En la Roma antigua, se celebraba el 14 de febrero como una de las jornadas de las Fiestas Lupercales, agasajos paganos que daban la bienvenida a la primavera y exaltaban la fertilidad, hasta que en el año 494 antes de nuestra era, el papa Gelasio I decidió dedicarla a San Valentín.
Quién fue este hombre y los misterios que envuelven su identificación con este día se pierde a lo largo de la historia con versiones que se refieren a tres mártires, por lo menos, con igual nombre.
El primero, un médico romano ordenado sacerdote y a quien el emperador Claudio mandó decapitar en el año 270; otro, un obispo de la ciudad de Terni; y por último, Valentín de Recia, también obispo, que fue enterrado en Mais, todos italianos.
Sin embargo, la mayoría de los investigadores se decantan por el médico Valentín que se opuso a la prohibición de Claudio, que impedía el casamiento entre las parejas jóvenes.
Según el gobernante, los hombres solteros en la flor de la vida eran mejores soldados. Valentín lo desafió y unía en secreto a los amantes; el 14 de febrero marcó el día de su muerte, de ahí que se considere el patrón de los enamorados.

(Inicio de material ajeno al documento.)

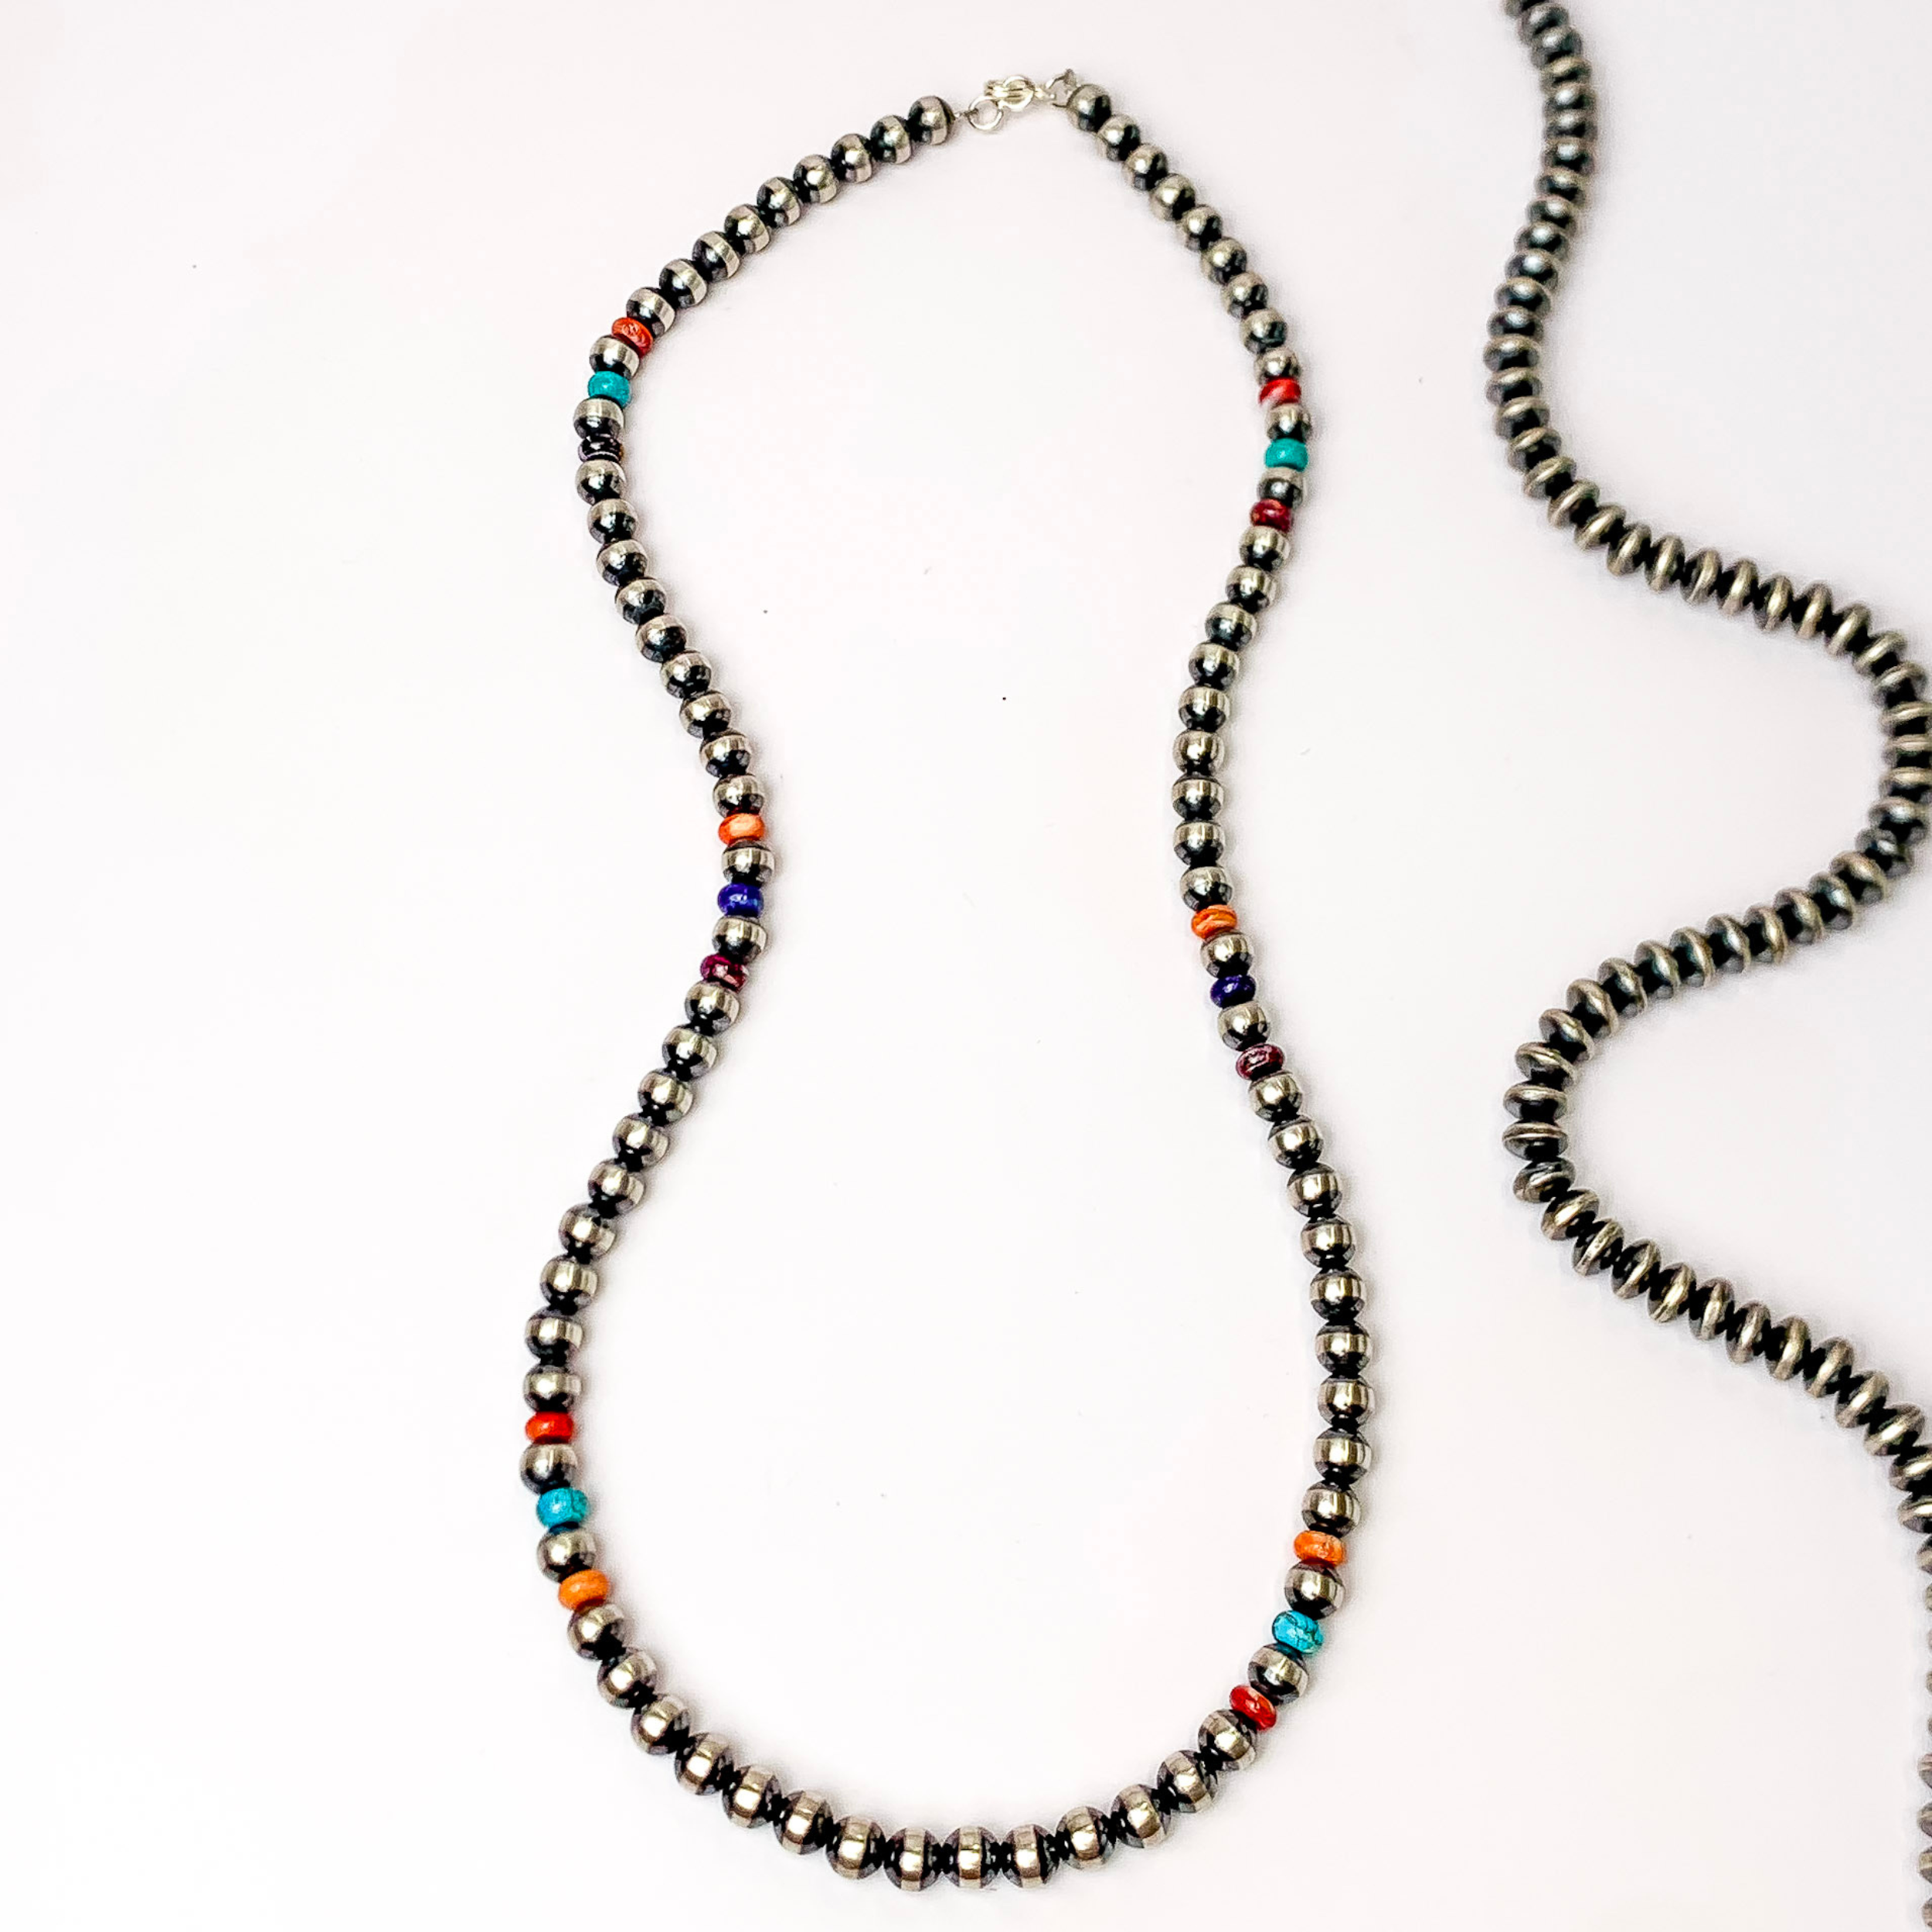 Centered in the picture is a Navajo beaded necklace with purple, orange, red, and blue beads in between.

Lo cierto es que con o sin San Valentín, la jornada ha trascendido en todo el orbe como momento propicio para celebrar el amor, no sólo a la pareja sino en todas sus formas posibles; y también la amistad.
Un día en el que todos los seres del mundo debieran quererse un poco más, y hacerlo extensivo a los restantes 364 del almanaque; quizás así el Planeta fuera un lugar más acogedor.